GIVEN INFORMATION
########
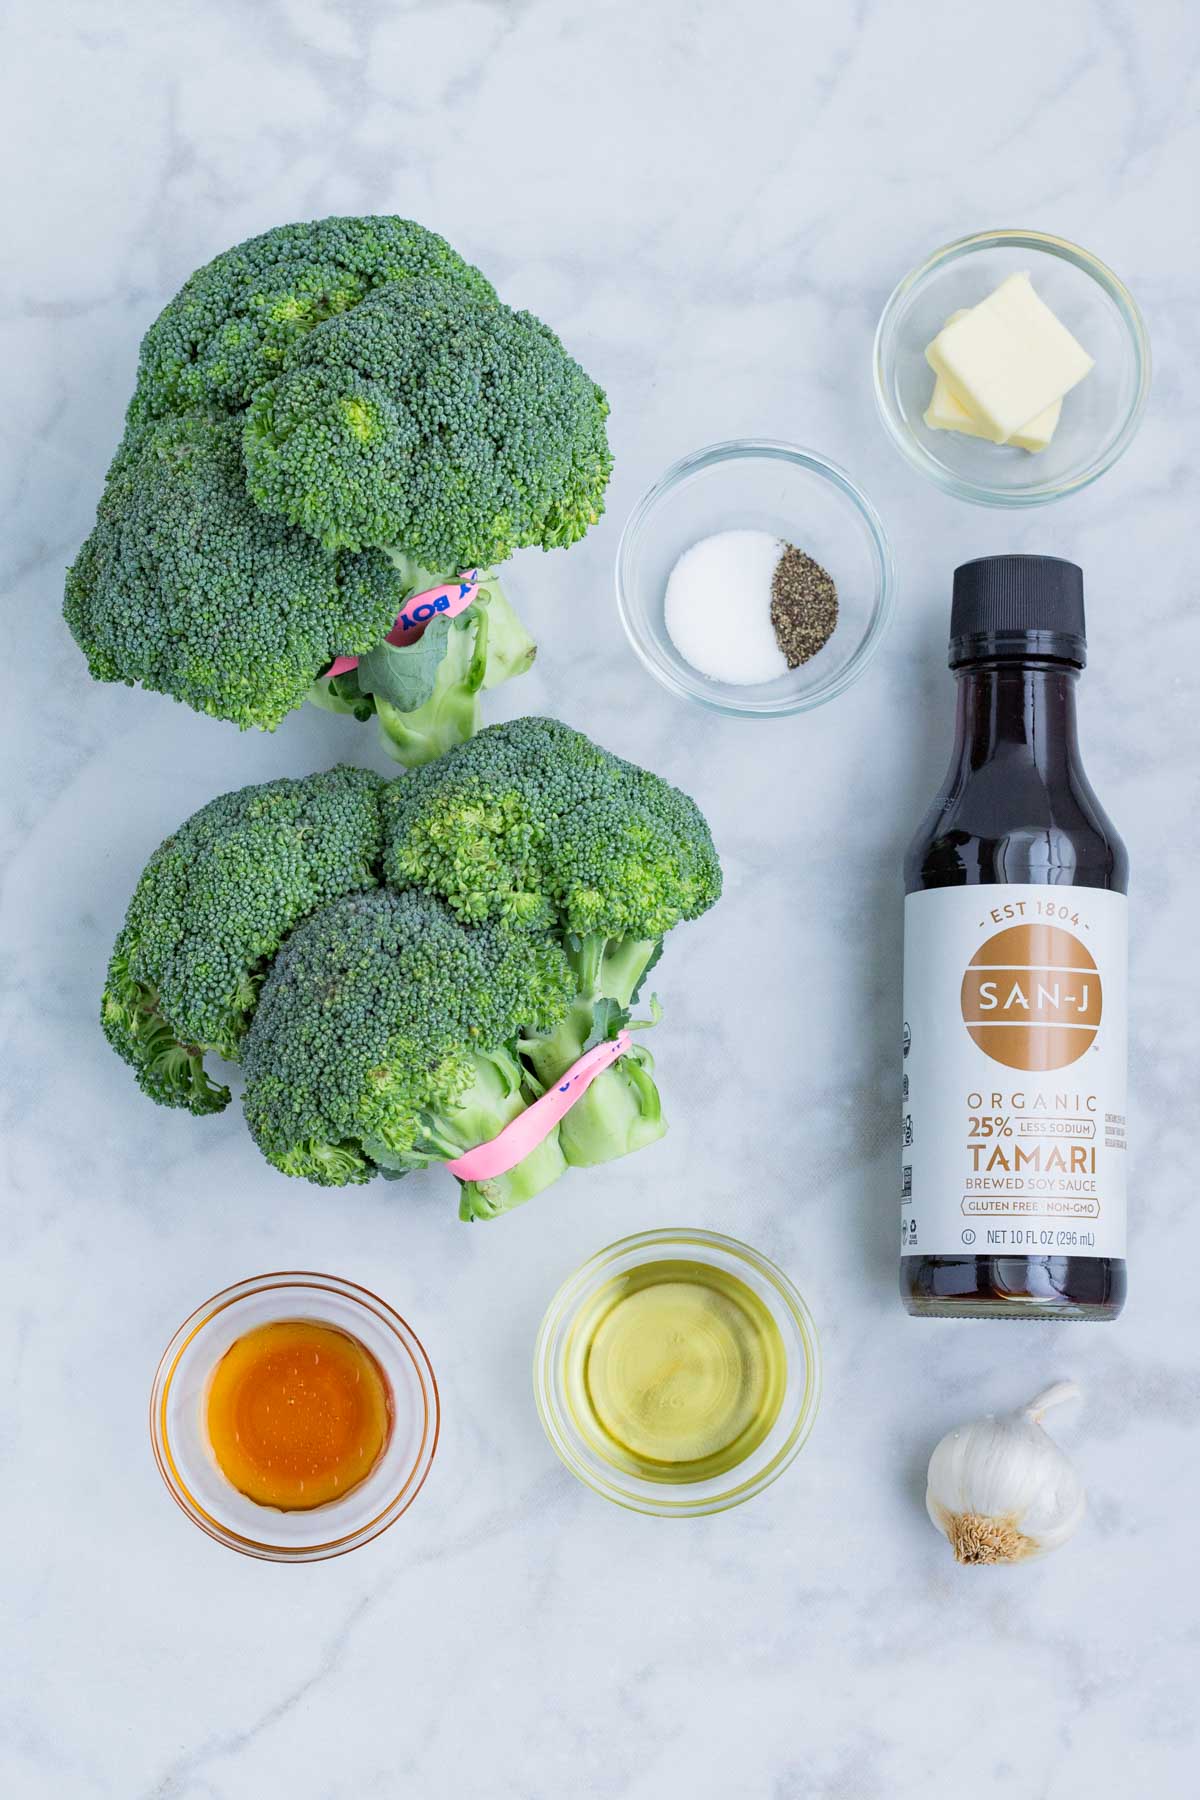 Broccoli, seasonings, oil, butter, and soy sauce are the ingredients for this recipe.
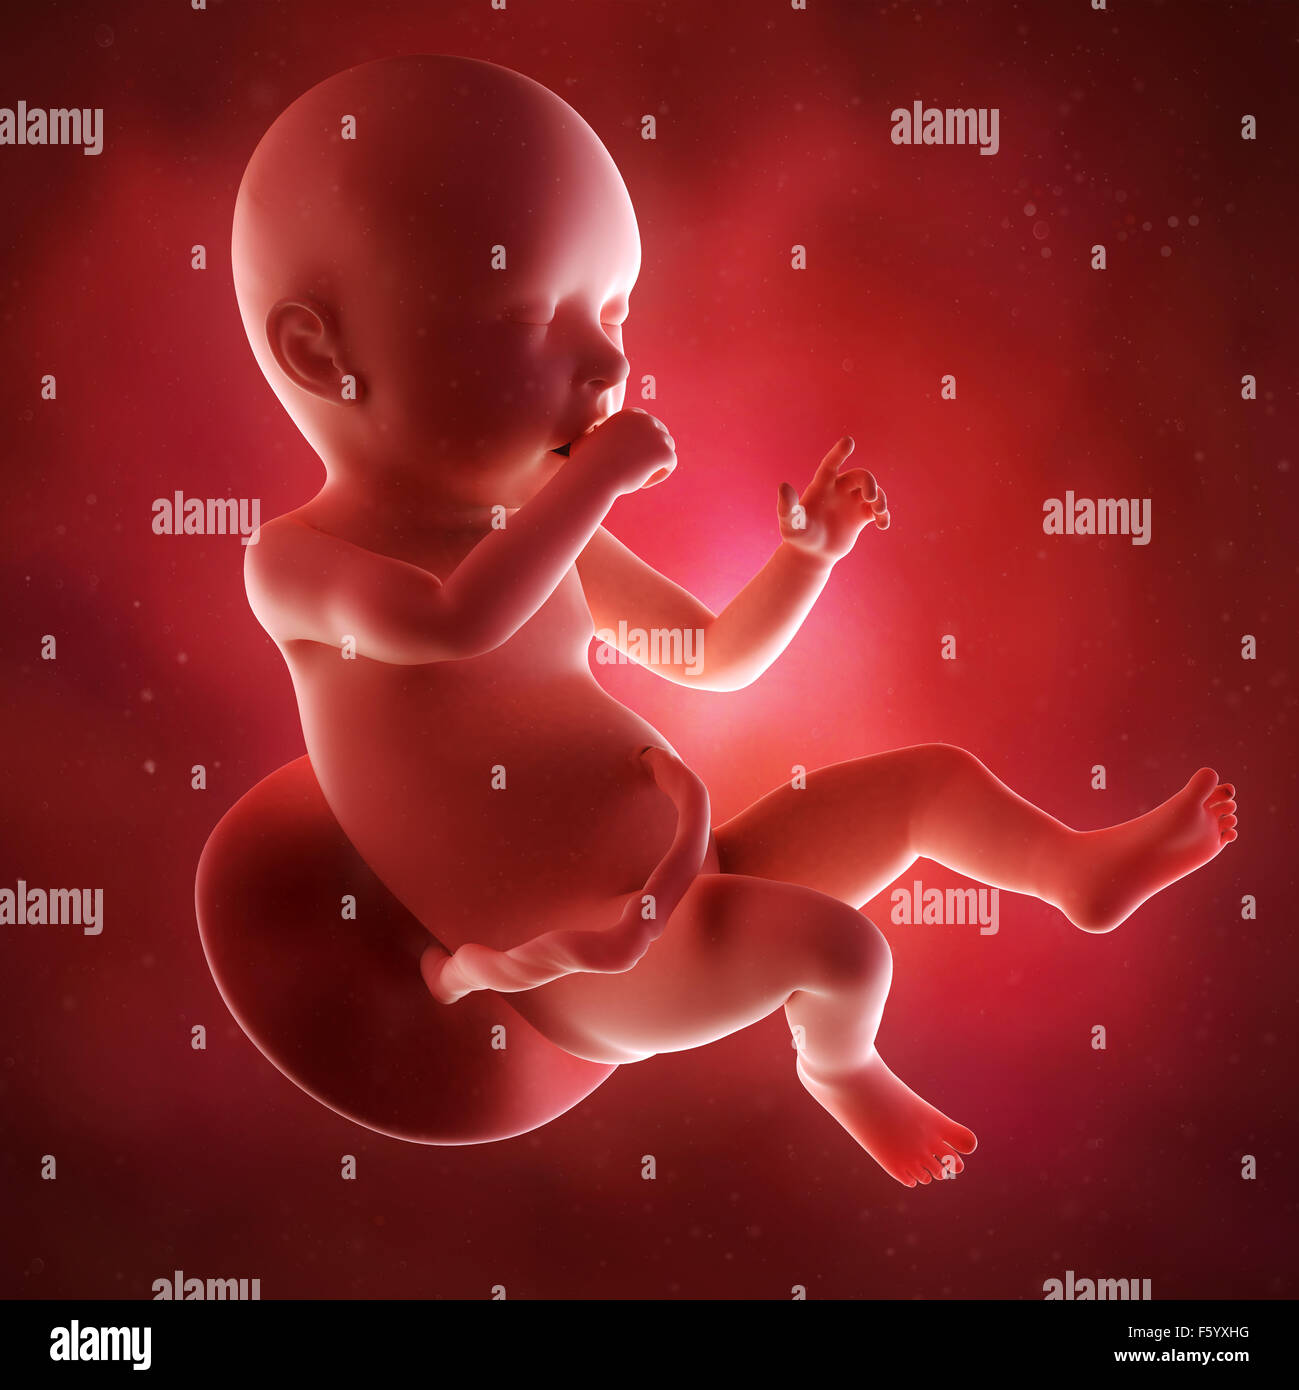 medical accurate 3d illustration of a fetus week 40 Stock Photo
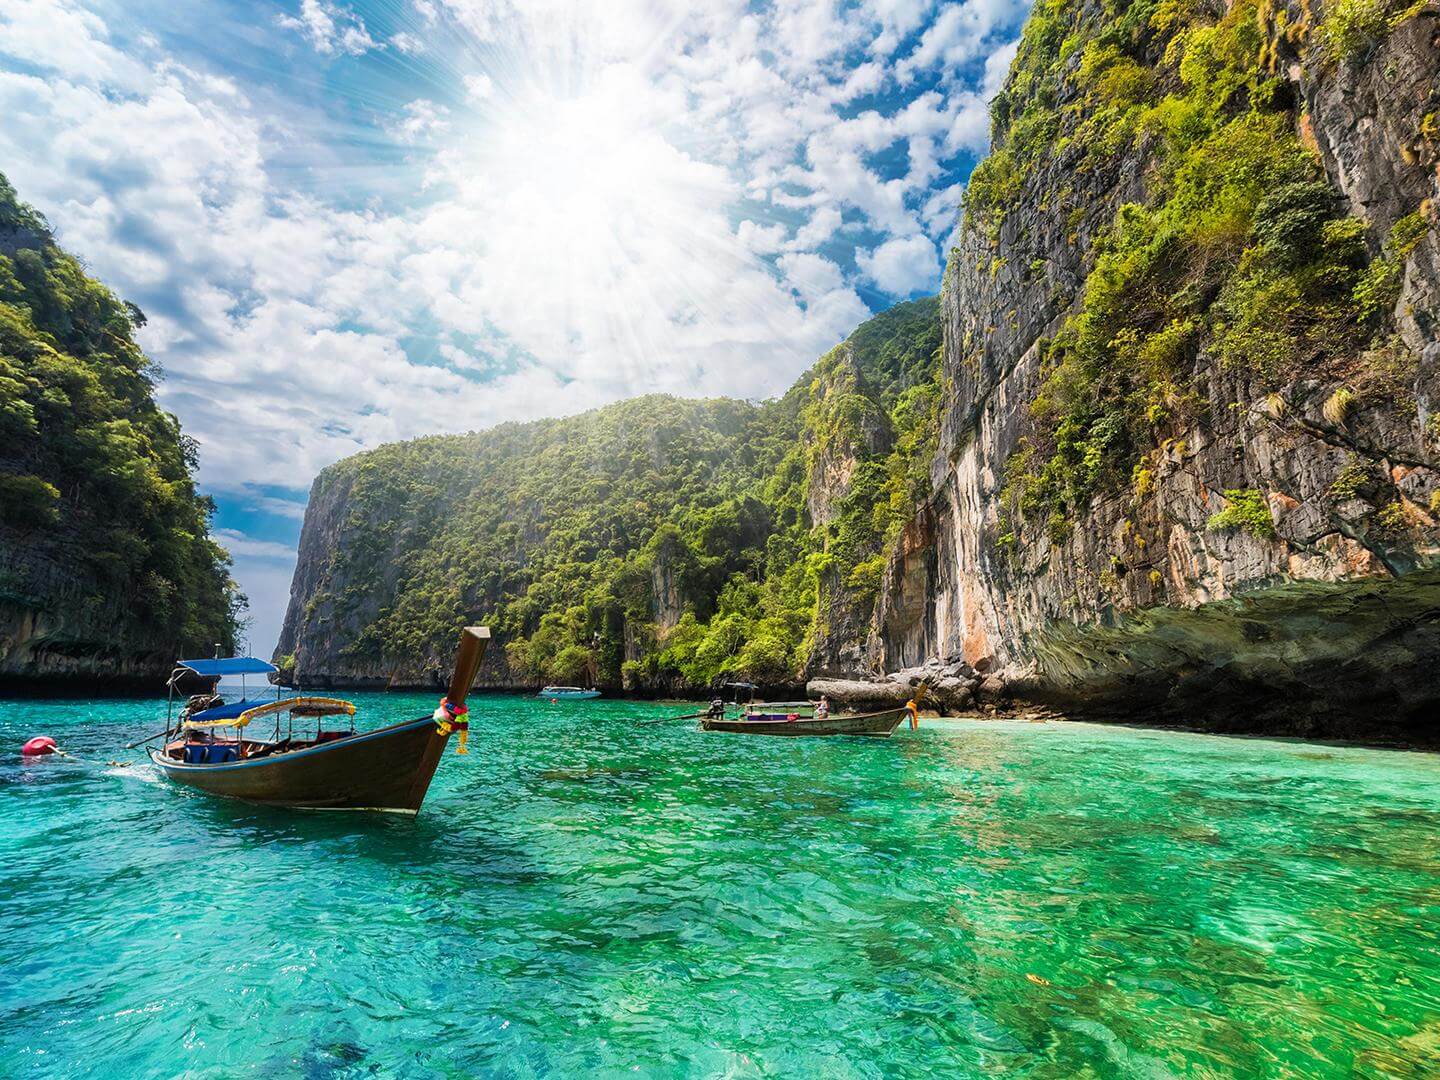 11 Things You HAVE To Do In Phuket
########
TASK OBJECTIVE
Set down the material word for word, and drop every picture from it.

WRITTEN RESPONSE
 Broccoli, seasonings, oil, butter, and soy sauce are the ingredients for this recipe.
 medical accurate 3d illustration of a fetus week 40 Stock Photo
 11 Things You HAVE To Do In Phuket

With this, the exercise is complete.